With a turnover of just under 5 million euros, 4voice is on a scale that many M&A consultancies do not serve. However, we experienced a very professional process with Walther Transaction. The team took the pressure off the management board, which naturally had to provide a range of information so that it could continue to concentrate on its day-to-day business. It approached a large number of potential investors and generated interested parties, none of whom we would have come across without professional support.
How do you rate the result?
In my opinion, 4voice has found a good new port with SPS. Although another bidder had made a better financial offer, we all agreed that the strategic fit was not there.
4voice has been economically very successful, especially in the last four years, and even if the sales price could have been a little higher in the end, all the co-shareholders were very satisfied with the result achieved.
Where do you see the greatest opportunities for 4voice as a result of the SPS investment?
SPS bought 4voice AG as a strategic addition in order to develop more in the direction of a solution provider. We now need to focus our efforts on this. 4voice has slipped under a larger roof, minimizing overhead costs. The company can now concentrate its energies on the market, as the internal conflicts have taken up a lot of energy recently. A forward-looking strategy that takes into account the strengths of both companies promises great prospects for success.
Lawyer Brownstone Partners
What particular challenges did you face?
The initial situation was somewhat unusual: the different interests and various strategic ideas - depending on professional plans for the future - of a number of shareholders had to be taken into account and reconciled so that everyone felt involved in the process and agreed to it. It is only natural that friction arises under such conditions.
Another challenge was the time pressure under which the sale had to be completed. Many potential investors were large companies that are not used to having to act and make decisions at such speed. And due to the fact that 4voice is more of a small company, there was sometimes a lack of internal resources for the M&A process at one point or another, as day-to-day business naturally continued in parallel.
However, the very professional handling of the process by Walther Transaction, which I have already experienced in several sales projects, ensured that the sale to SPS went off almost without a hitch.
How do you assess the transaction?
From an economic point of view, you can say: "The market is always right." An incredible number of discussions ultimately led to a fair price that does justice to the overall situation. From a legal perspective, the challenges posed by the constellation of one main shareholder and many minority shareholders were resolved satisfactorily. In the end, everyone agreed to the transaction. The fact that I have experience with such constellations was certainly an advantage here.

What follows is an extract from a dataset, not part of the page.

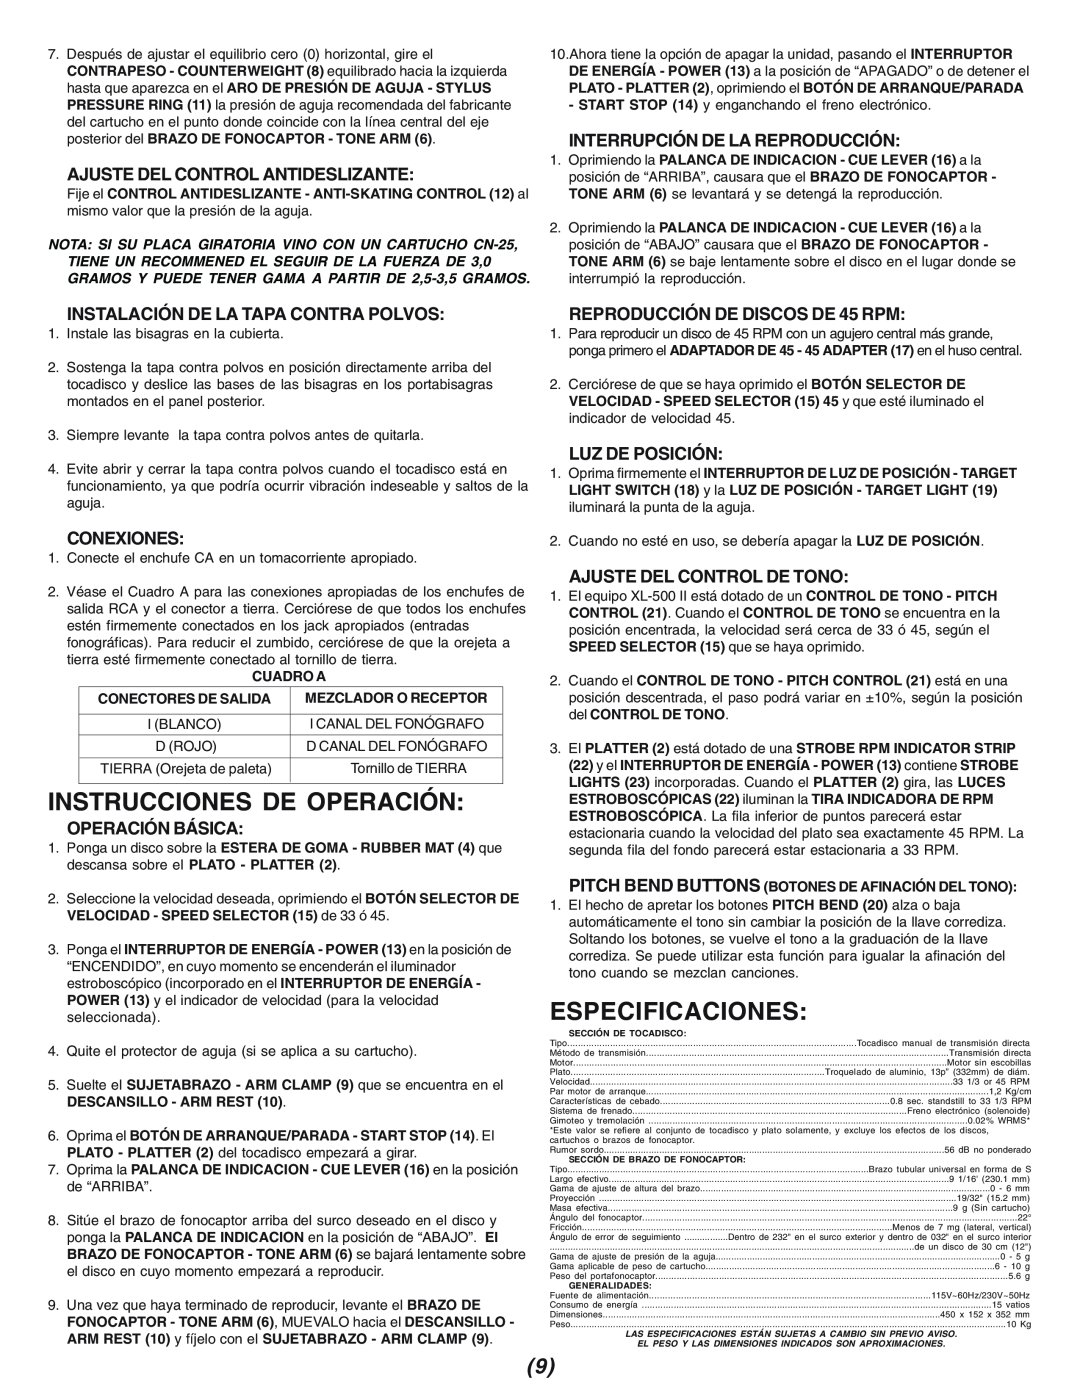 Gemini XL-500II manual Instrucciones De Operación, Especificaciones, Ajuste Del Control Antideslizante, Conexiones

The negotiations with SPS were quite challenging at times; it took a large number of discussions to clarify the parameters on which the transaction should actually take place. Even the buyer side was not always in agreement at the beginning. It is therefore all the more pleasing to see that the deal has finally been signed and the two companies can now embark on a hopefully successful future together.
From my point of view, I recommend preparing an M&A process well in advance and involving experts in good time.